Eylem yeri bu kez Haseke kentiydi. Amerikan askerleriyle PKK’lıların ortak konvoyuna saldıran bir intihar bombacısı kendini patlatarak 5 PKK’lı teröristin ölümüne, iki Amerikan askerinin de yaralanmasına neden oldu.

Pentagon, aynen ilk eylemde olduğu gibi ikinci eylemde de saldırıyı IŞİD’in üstlendiğini açıkladı.

Oysa eylemler, ABD Başkanı Donald Trump’a “Suriye’den canın istediği zaman çekilemezsin, daha burada işin bitmedi” der gibiydi. Bunu da ancak Suriye’de ABD’yle ortak hareket eden belli bazı güçler yapabilirdi. Örneğin, ABD’nin Suriye’den hemen çıkmasının yanlış olacağını düşünen örgütler olduğu gibi devletler de vardı. Örneğin İsrail vardı. Netanyahu suskun kalmıştı ama yardımına ABD Dışişleri Bakanı Mike Pompeo yetişmişti. Pompeo, son Kahire ziyaretinde yaptığı konuşmada, “ABD’nin Suriye’deki müdahalesinin ‘son İran postalı çıkana kadar’ süreceğini” ilan etmişti.

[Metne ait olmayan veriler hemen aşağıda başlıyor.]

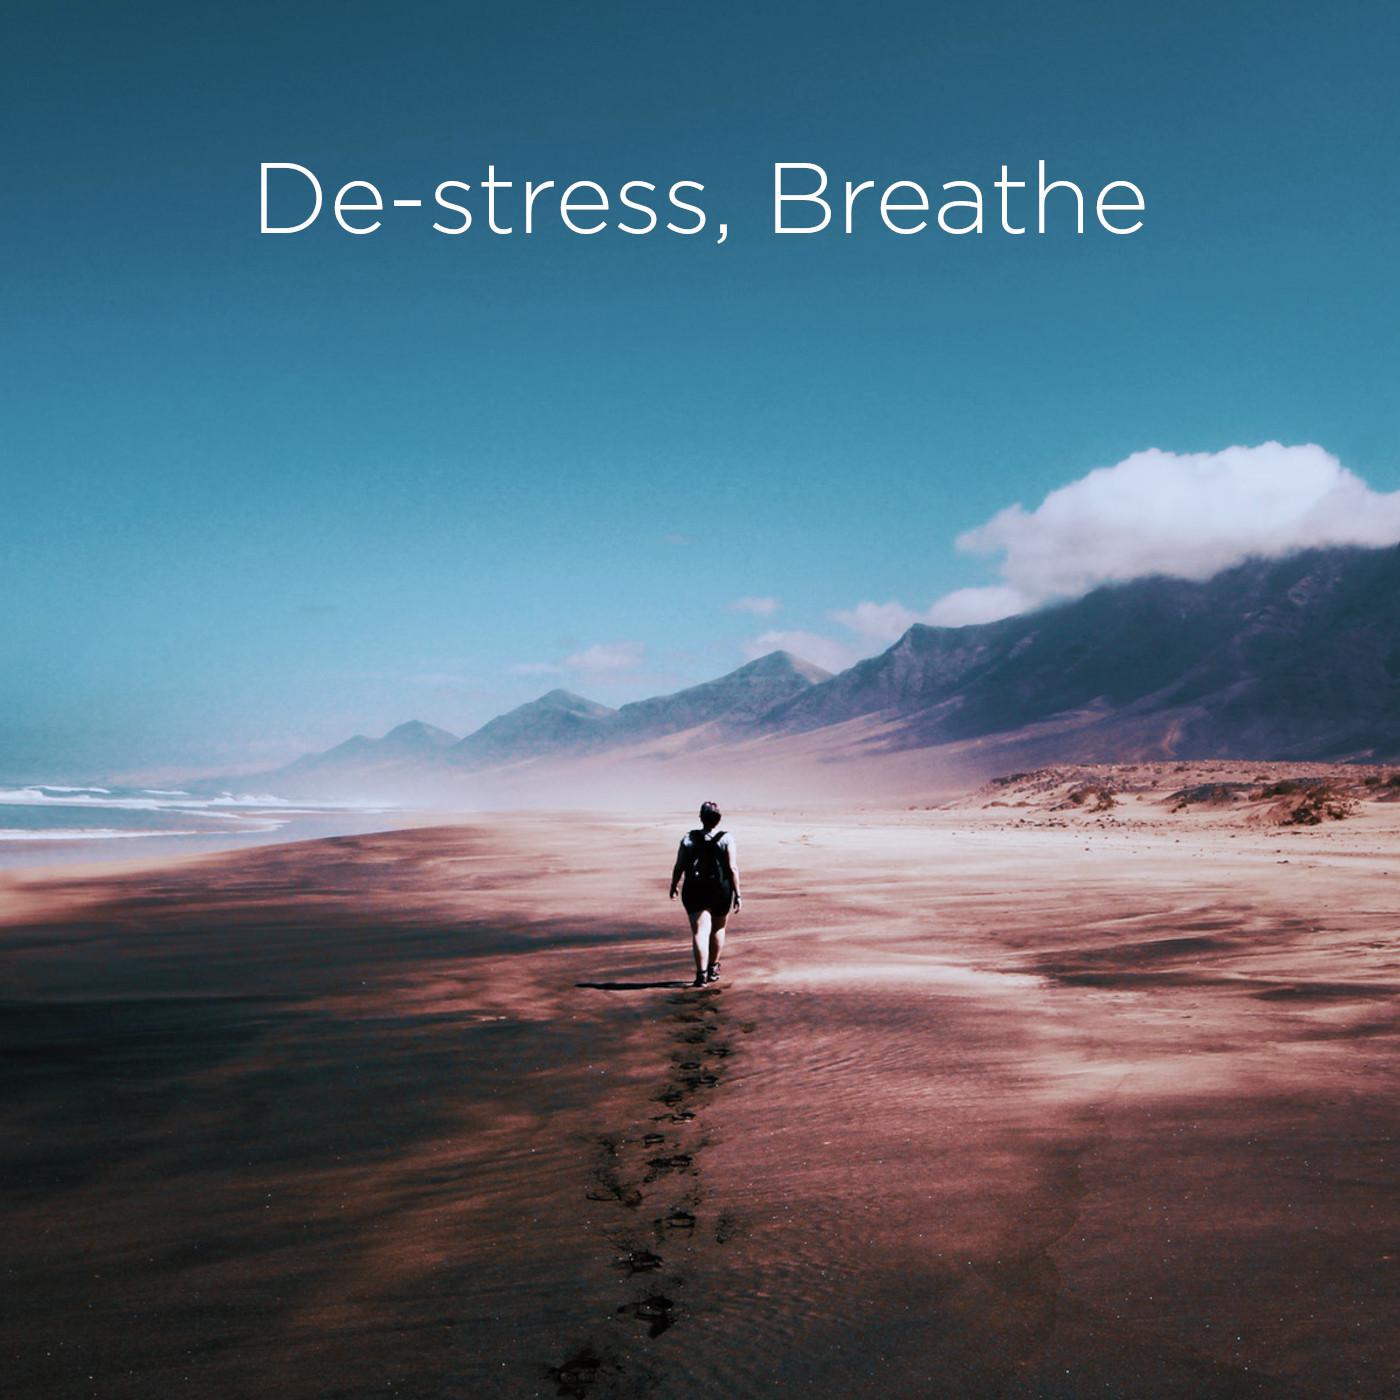 De-stress and Breathe

Pompeo’nun bu ifadesinden cesaret alan Netanyahu tüm dünyaya meydan okurcasına Suriye’de İran’a ait olduğunu iddia ettiği askeri noktalara füze saldırısı düzenledi.

Eskiden olsa Suriye, İsrail füzelerinden korunamazdı. Ama artık bugün Suriye ordusu, Rusya’nın savunma sistemleri sayesinde, Tel Aviv’in fırlattığı füzeleri daha hedefine varmadan imha etmeyi başarıyor.

Bu son füze saldırısında da aynen böyle oldu.

Rusya da daha öce yapmadığı bir şeyi yapmaya başladı. Suriye’nin İsrail füzelerini püskürtmesinin ardından Ulusal Savunma Kontrolü Merkezi’ni devreye soktu ve dünyaya rapor yayınladı.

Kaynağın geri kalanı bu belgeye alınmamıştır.